Records from a data source:

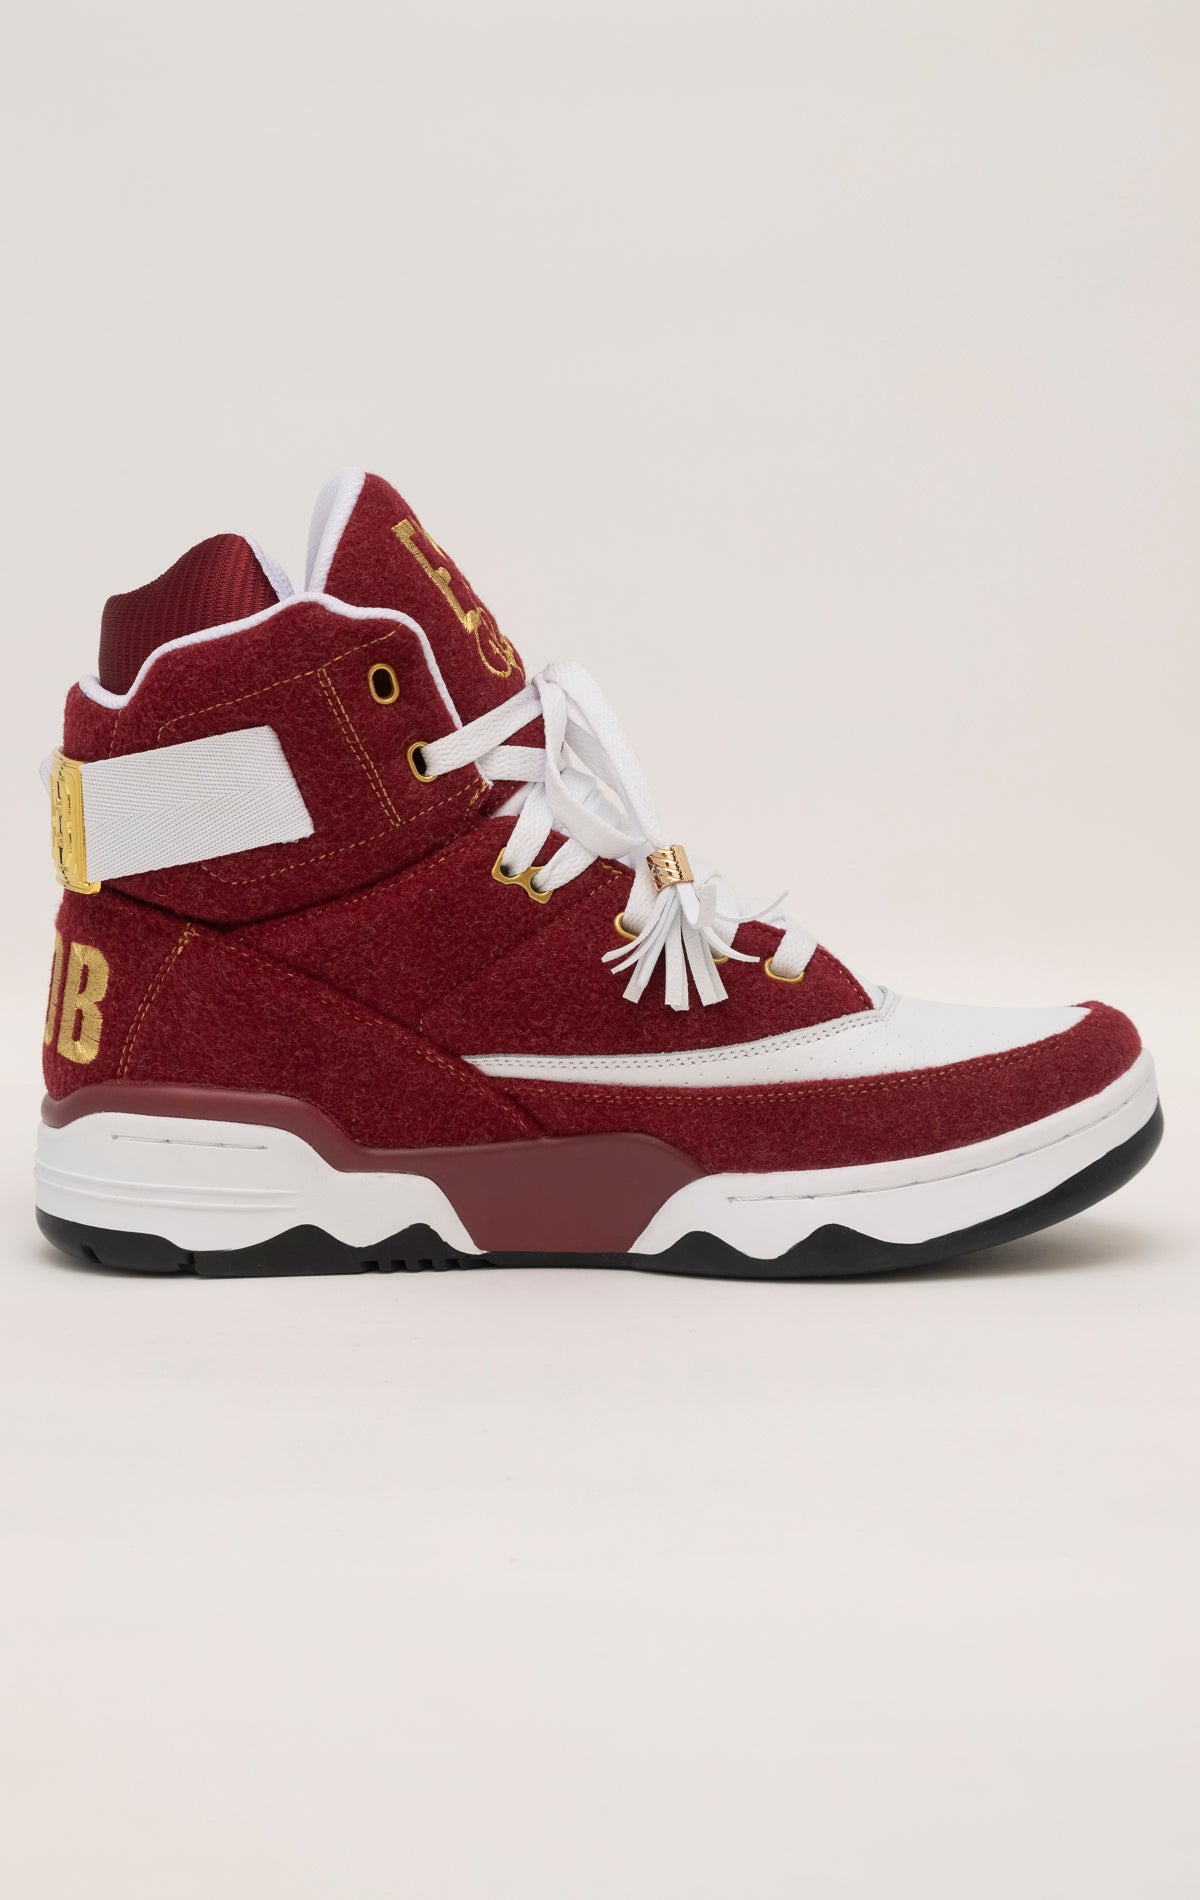 Burgundy and white high-top sneakers with gold accents, co-branded by Ewing Athletics and Ol' Dirty Bastard (ODB) of the Wu-Tang Clan.
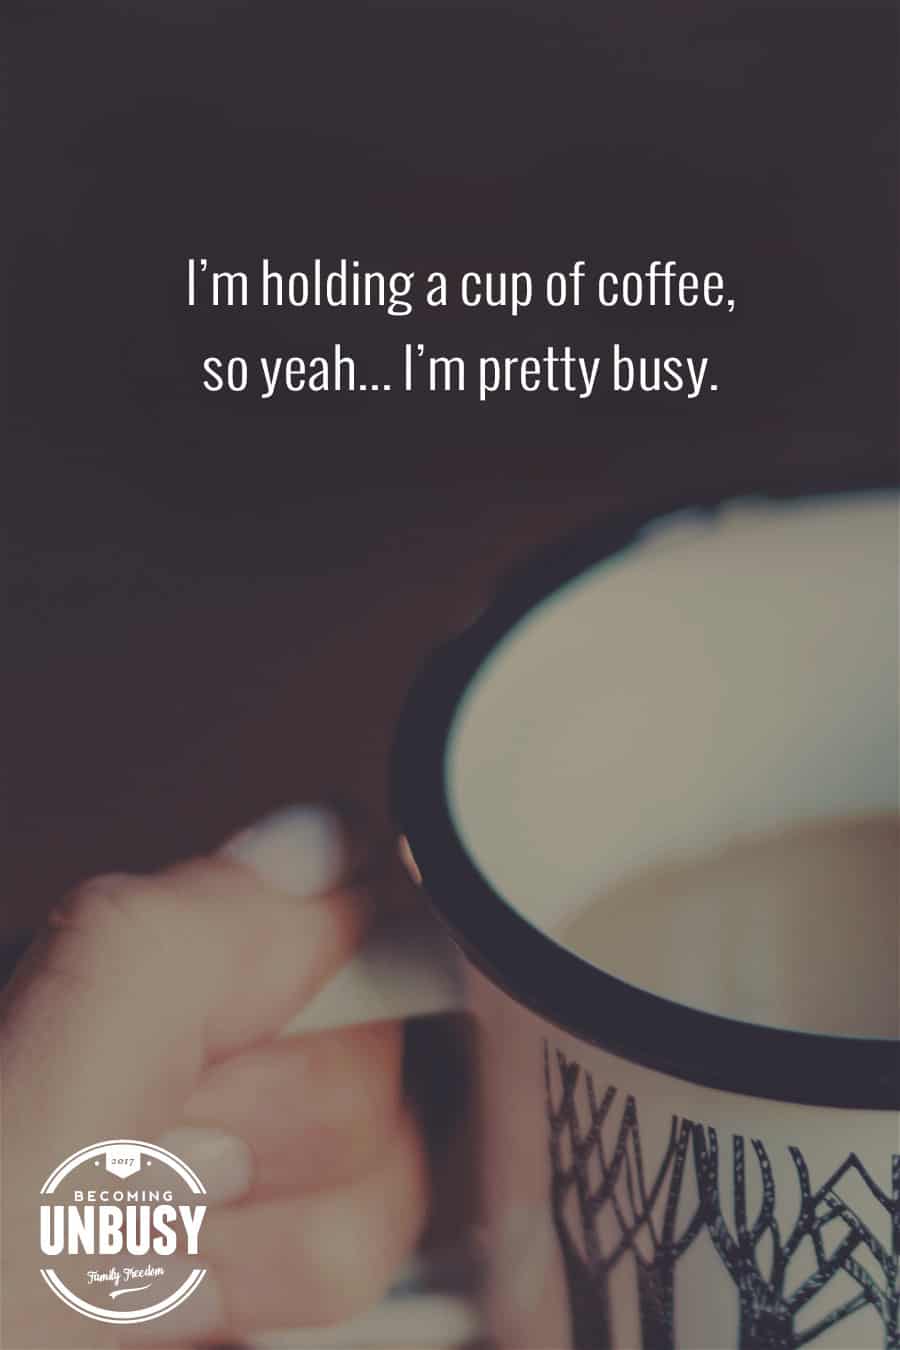 10 Good Morning Quotes - I'm holding a cup of coffee, so yeah.... I'm pretty busy. #lifequotes #quotes #goodmorningquotes #coffeequotes *Start the day off right with these morning inspirational quotes. Love this good morning motivation!
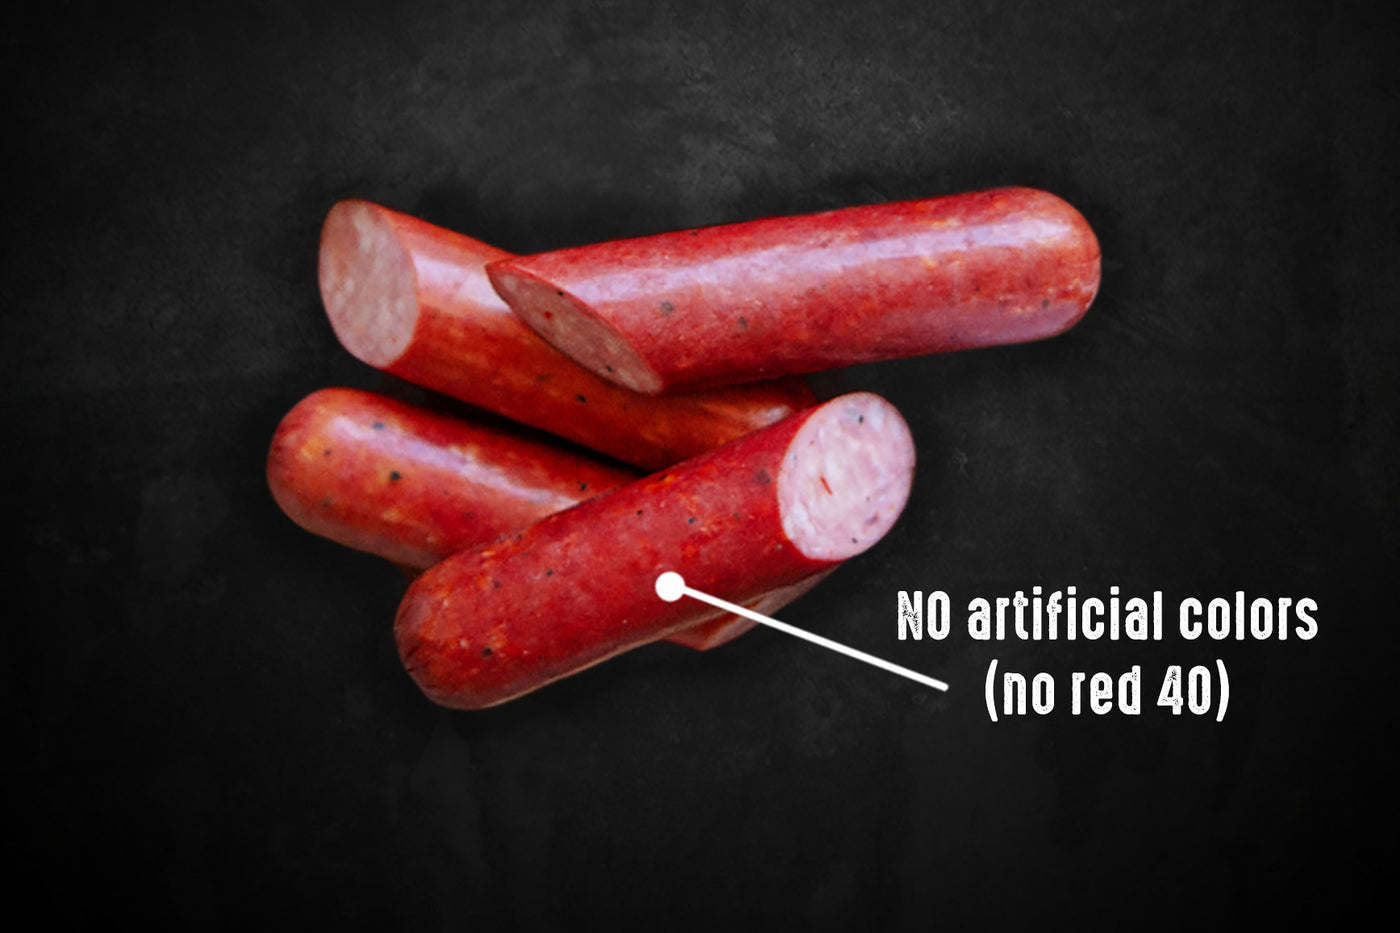 Pederson's Mild Pickled Sausage is shown against a black background. The words No Red 40 appear beside it.
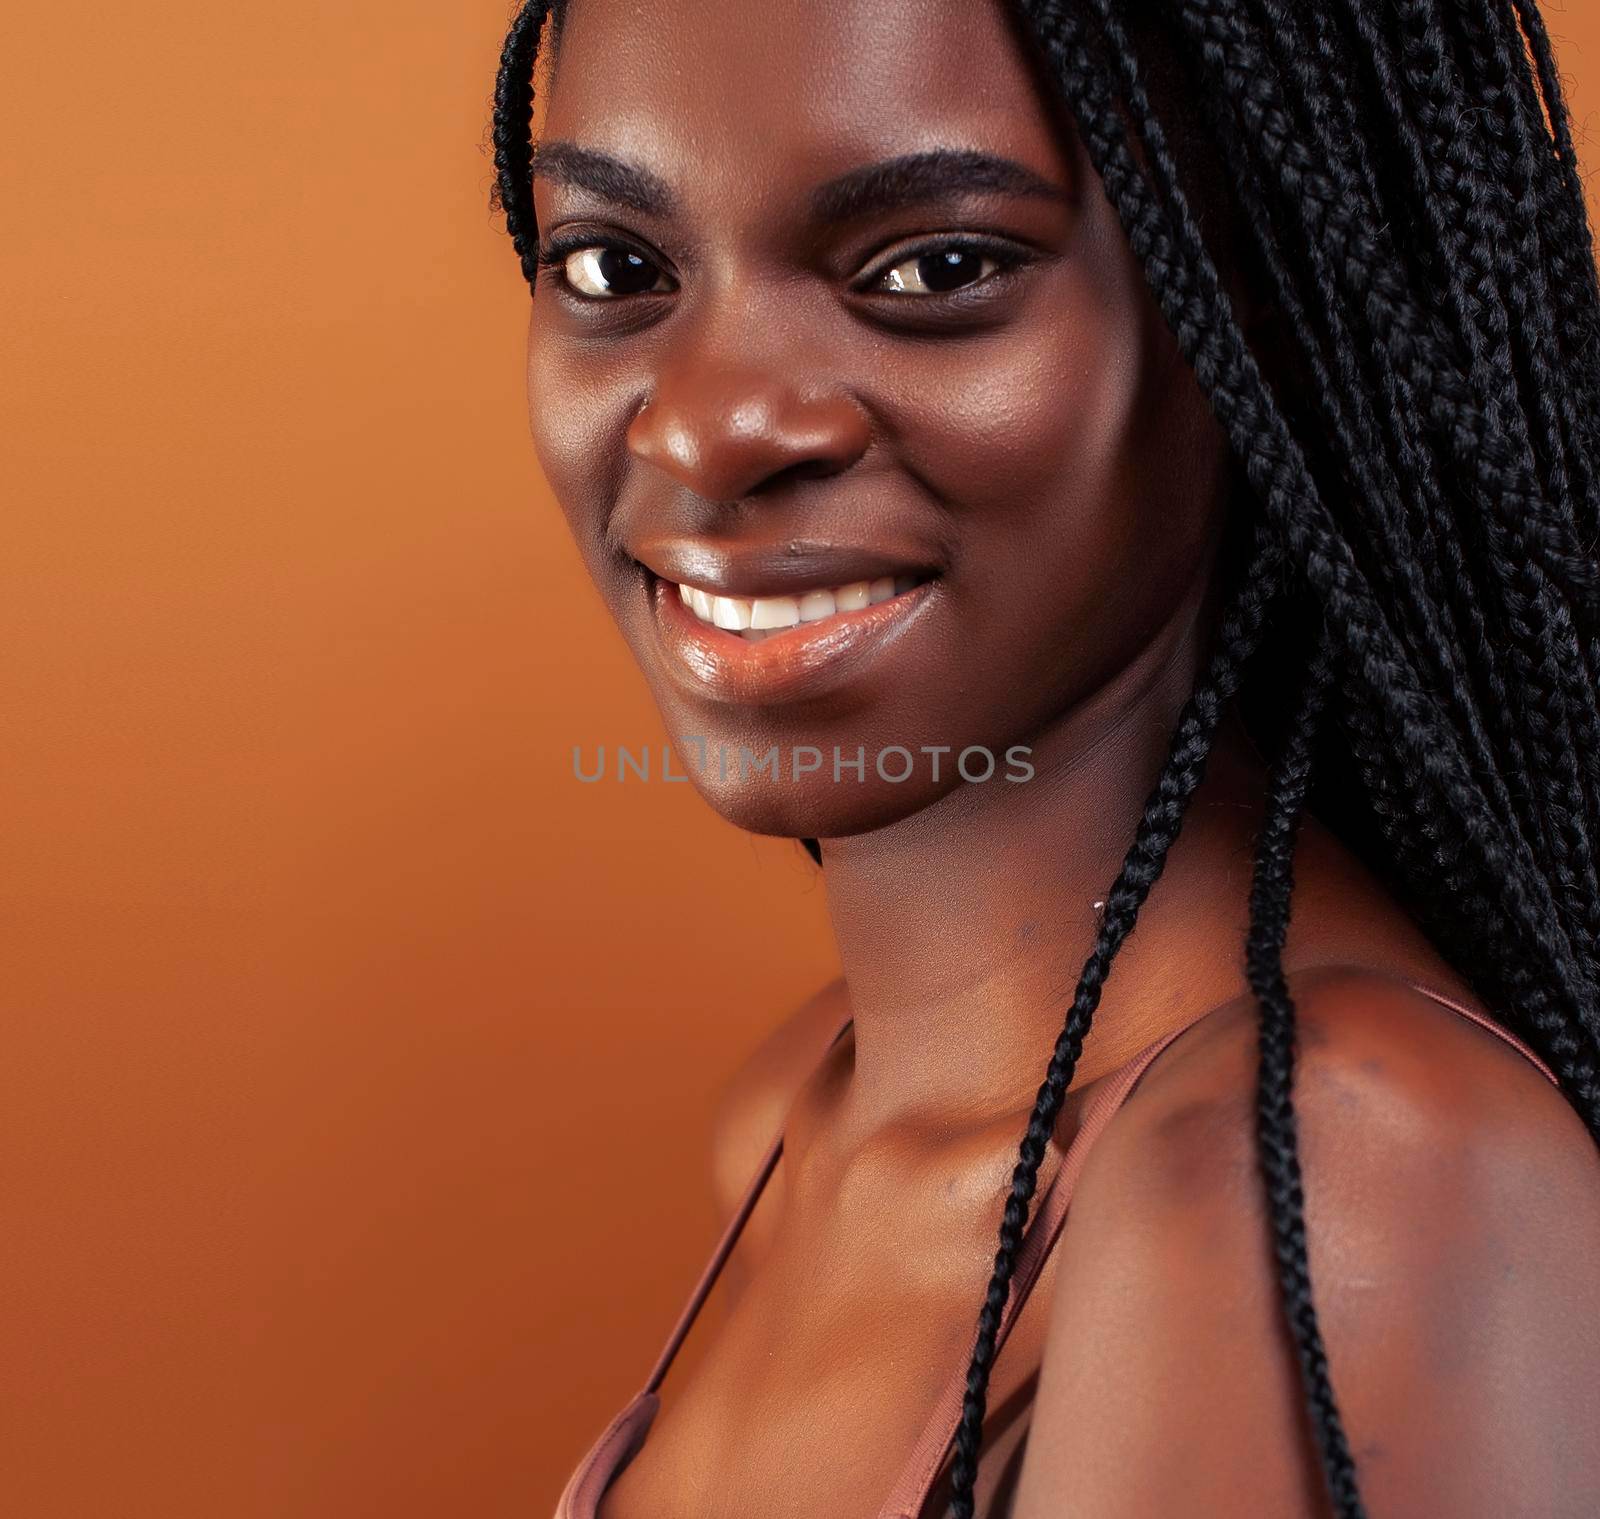 pretty young african american woman with braids posing cheerful gesturing on brown background, lifestyle people concept close up
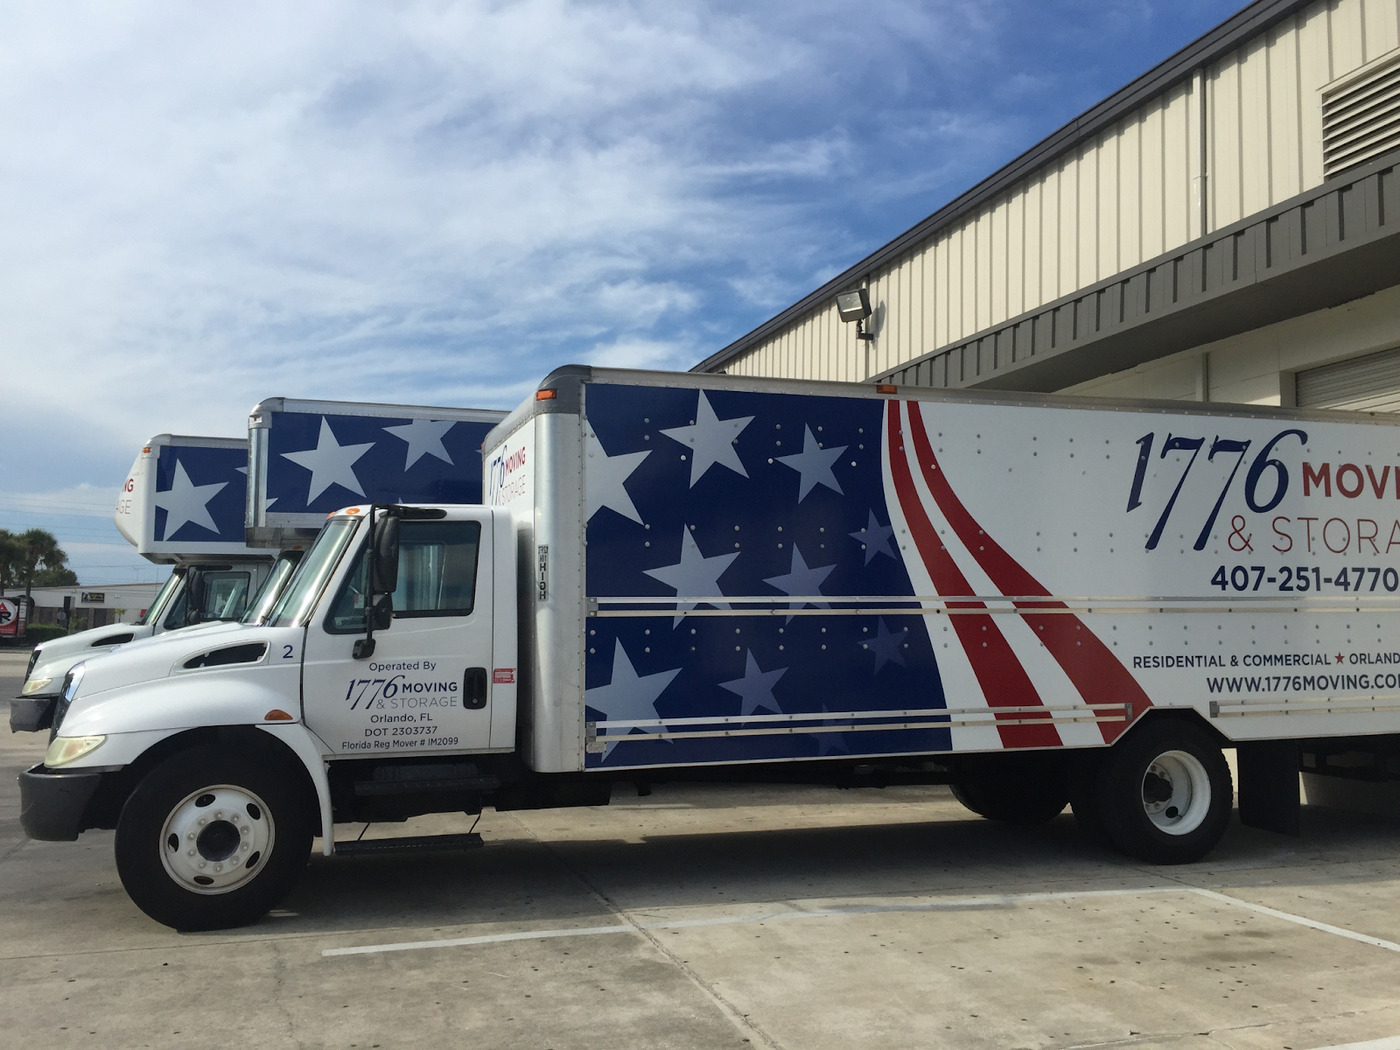 1776 Moving and Storage is a full-service moving company based in Orlando, FL, offering a wide range of services to meet various moving needs.

**Work request:** Transcribe exactly the lines from the one containing "pretty young african" through the last line of the records above, and nothing else. Leave out the pictures.

**Result of this exercise:**
 pretty young african american woman with braids posing cheerful gesturing on brown background, lifestyle people concept close up
 1776 Moving and Storage is a full-service moving company based in Orlando, FL, offering a wide range of services to meet various moving needs.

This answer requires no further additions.